Phil is still in his helmet. He's deliberately smashing his head into things.
"Stop doing that."
"Why? It doesn't hurt. This is a really good helmet. That guy said it was bulletproof."
"Maybe, but it's not fistproof. Knock it off."
But instead of knocking it off, he tries to head-butt me and chases me into the next aisle. The next aisle is wheelchairs. Phil asks me to push him around in one. Ordinarily, if he had asked me to push him around in a wheelchair, I'd tell him it was too dangerous, but I guess with his new bulletproof helmet, it's worth a try. I push him back and forth along the aisle a couple times.
"Go faster"
"You're too heavy"
"I am not too heavy, you're just too weak."
"You want to see who's weak? We can settle that if you want to."
"Ooh. Let's race!"
"I don't want to. Besides, can you even control this on your own?"
"It's easy. You just push the wheels with your hands."
"Okay, then, let's race."
"Only you have to ride in that slow one, because you're too fast."
"That's not fair. If I'm faster, I'm faster. That's what races are for."
"It is too fair. You're bigger than me so you have to be in the slow one so I can keep up."
"Whatever. I'm still going kick your little bony butt."
We decide to do a lap around the store. Now that my brother is a superhero I don't have to go easy on him, and I take the lead on the first leg. But what he lacks in speed, he makes up for in maneuverability. I get stuck trying to make the turn and he catches up and whizzes past. He has small lead through the second aisle, and I get stuck in the second turn, too. By the time I get around the corner he's already halfway through the aisle. He is starting to go dangerously fast. I jump out of my chair to chase him. He tries to brake, but the hand with the cast slips off the wheel, and he slams loudly into the wall. He flies out of his chair and slides across the floor into a rack of scoliosis braces.
It was almost funny. If it had happened to anyone else, it would have been hilarious. But it happened to Phil, so I'm terrified. My mom and the salesman run over. They pull the braces off of him, and he's convulsing on the floor. The salesman is worried. We are too. He's never had two in the same week before, let alone the same day. What if the fall down the stairs caused permanent damage? What if he wasn't wearing the helmet right? I start to feel really bad for letting him race, but then I see what's going on.
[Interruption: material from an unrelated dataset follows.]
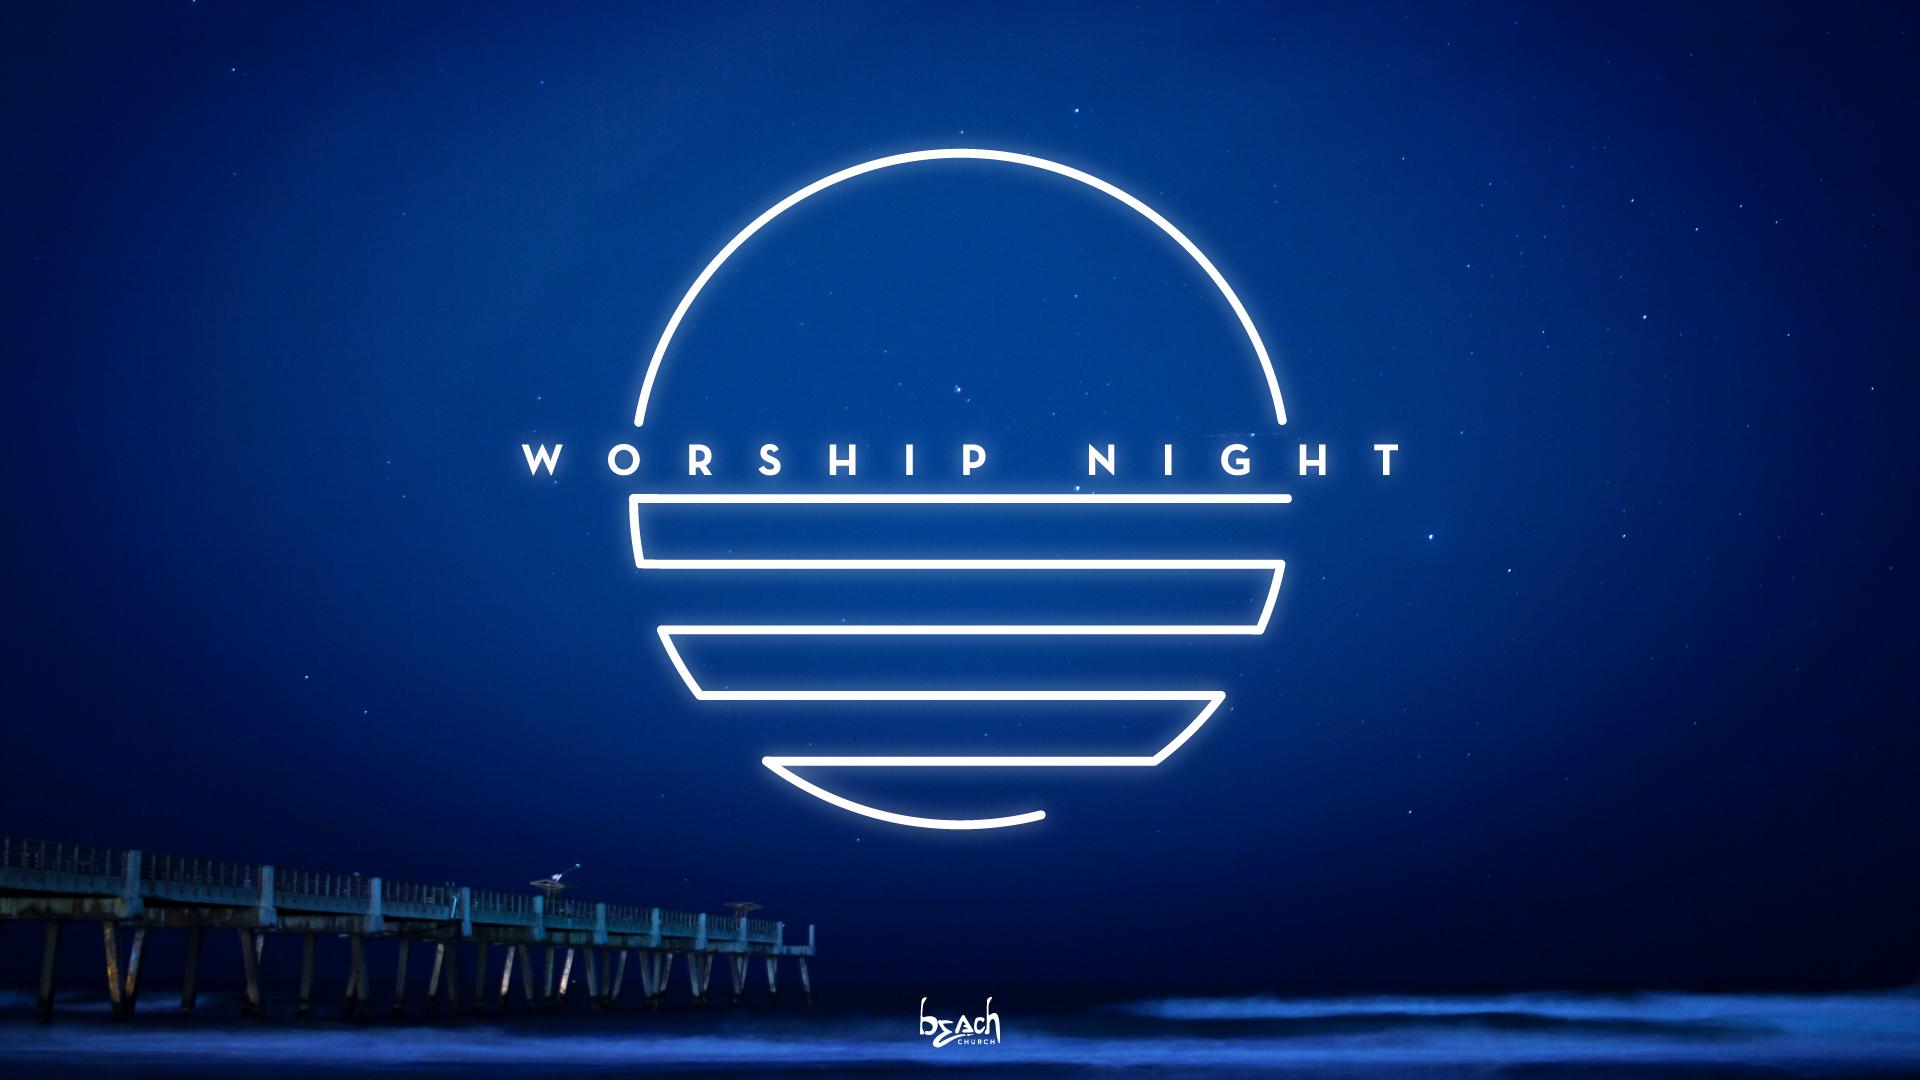 worshipnight_may18_1920x1080NoDate.jpg

Phil is laughing his head off. He's fine. He wants to do it again.
I have never seen my mother more enraged than she is right now. She picks Phil up and drags him out to the car. His feet barely touch the ground. She doesn't tell me to follow, but I do anyway. When we get to the car, she yanks him around, plops him over her knee, and spanks him. Eight hard slaps-one for each year of his life-are exactly what it takes to make him stop laughing. After Phil's whipping, we all get into the car.
"When we get home, you're both grounded. Go straight to your rooms."
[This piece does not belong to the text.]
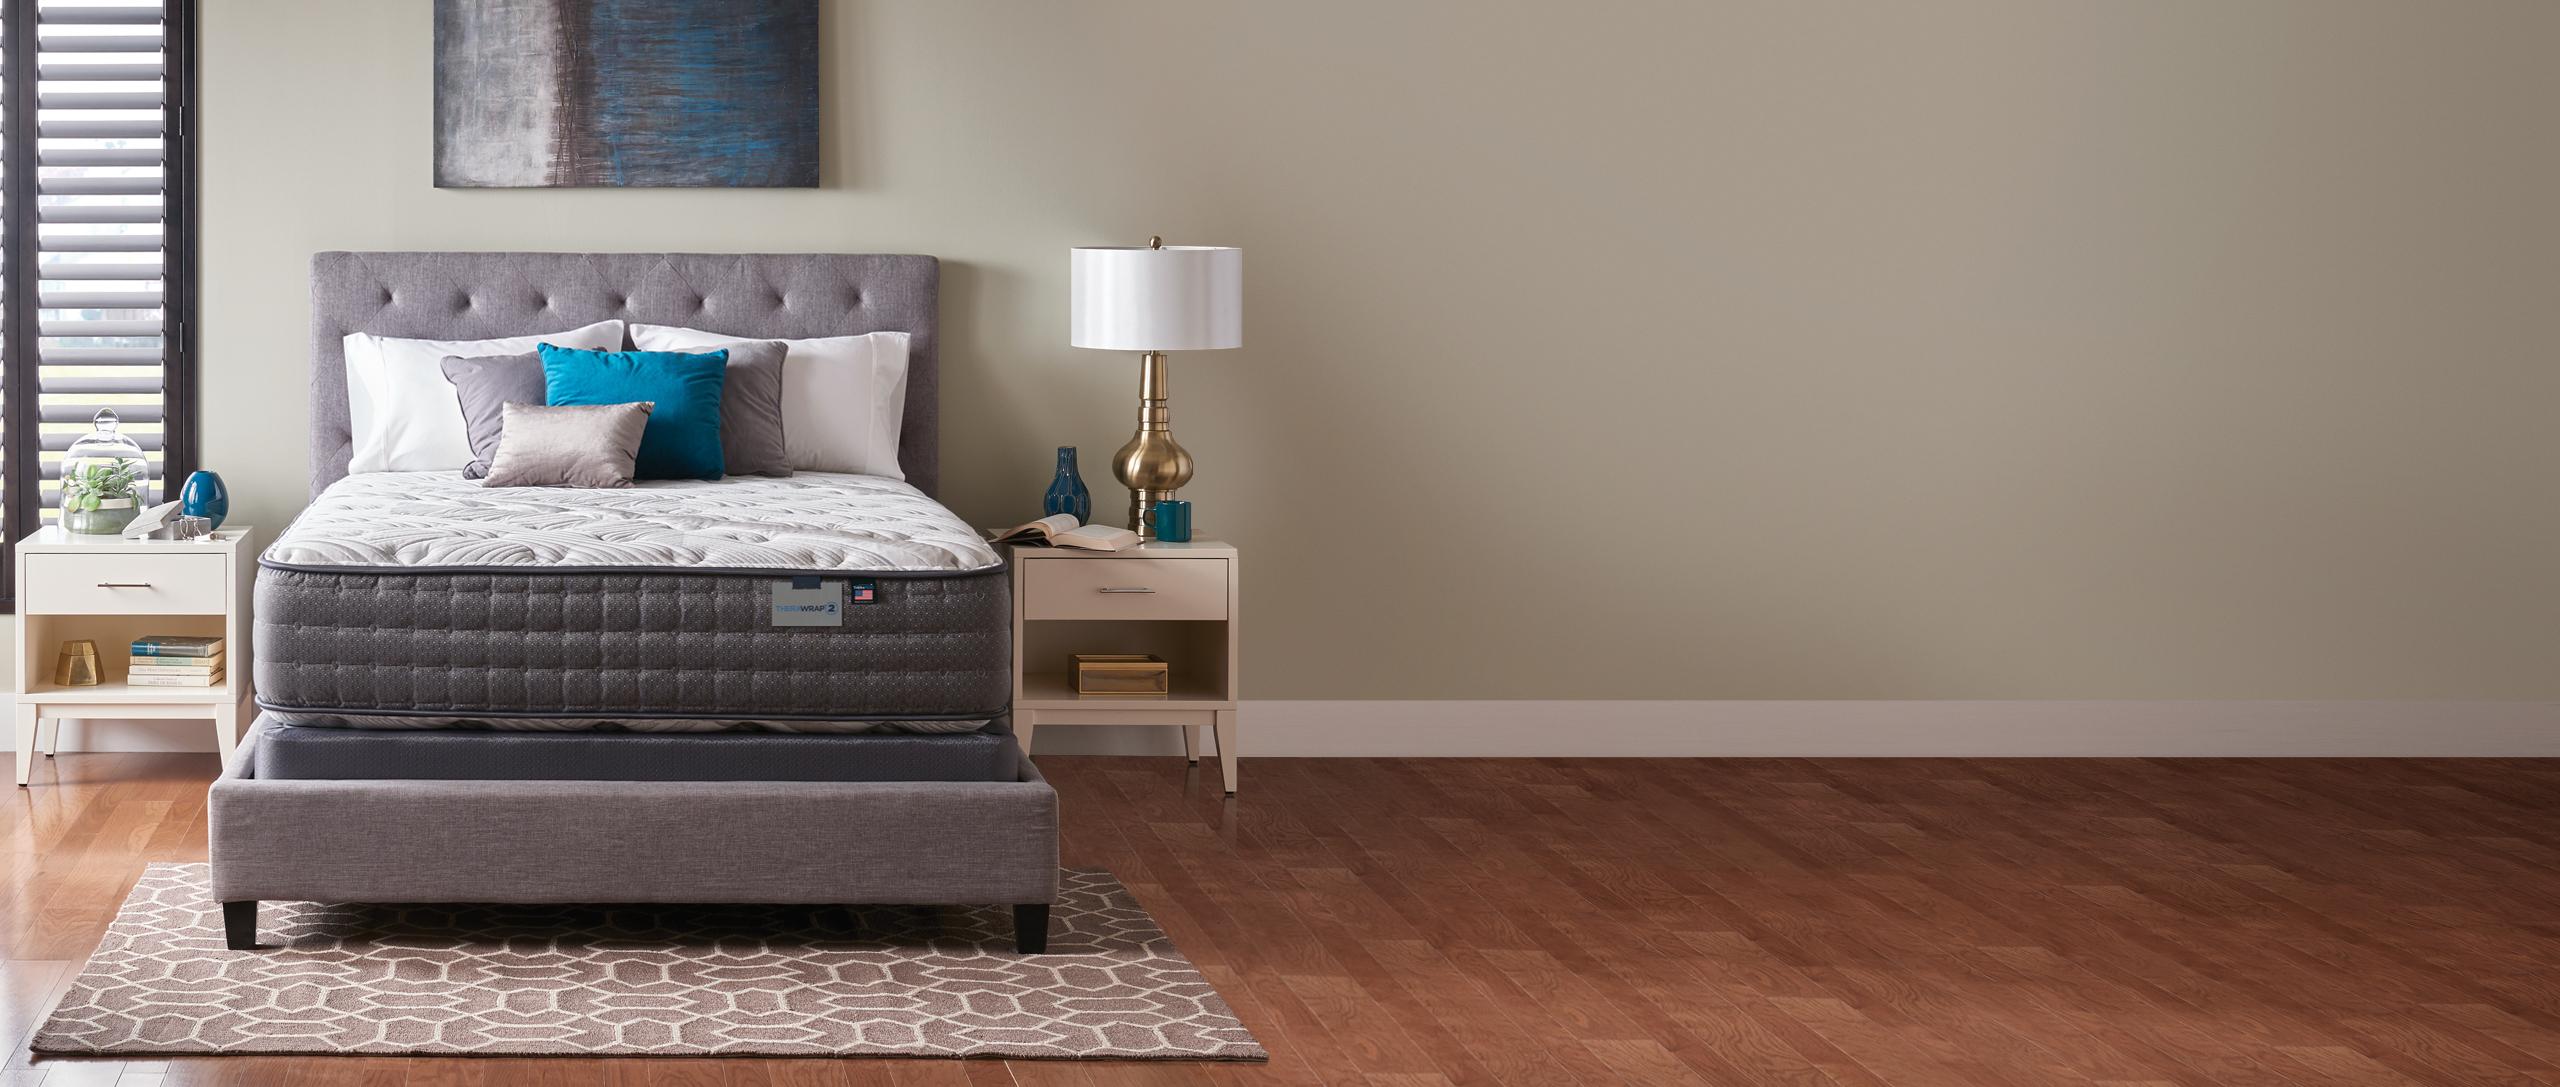 Therawrap 2 Matress in a bedroom setting

After that, there is silence in the car as we drive home. We stare straight ahead, trying not looking at each other. I finally look back at Phil, and he's got the biggest smirk on his face. It's such a silly looking grin, made all the more silly with the plastic contraption on his head. I want to be mad at him for scaring me before, but I can't help but grin in return. The grin is trying to turn into a giggle, which I try to hide as a sneeze. That only works for so long until Phil and I burst out laughing and don't stop until we get home.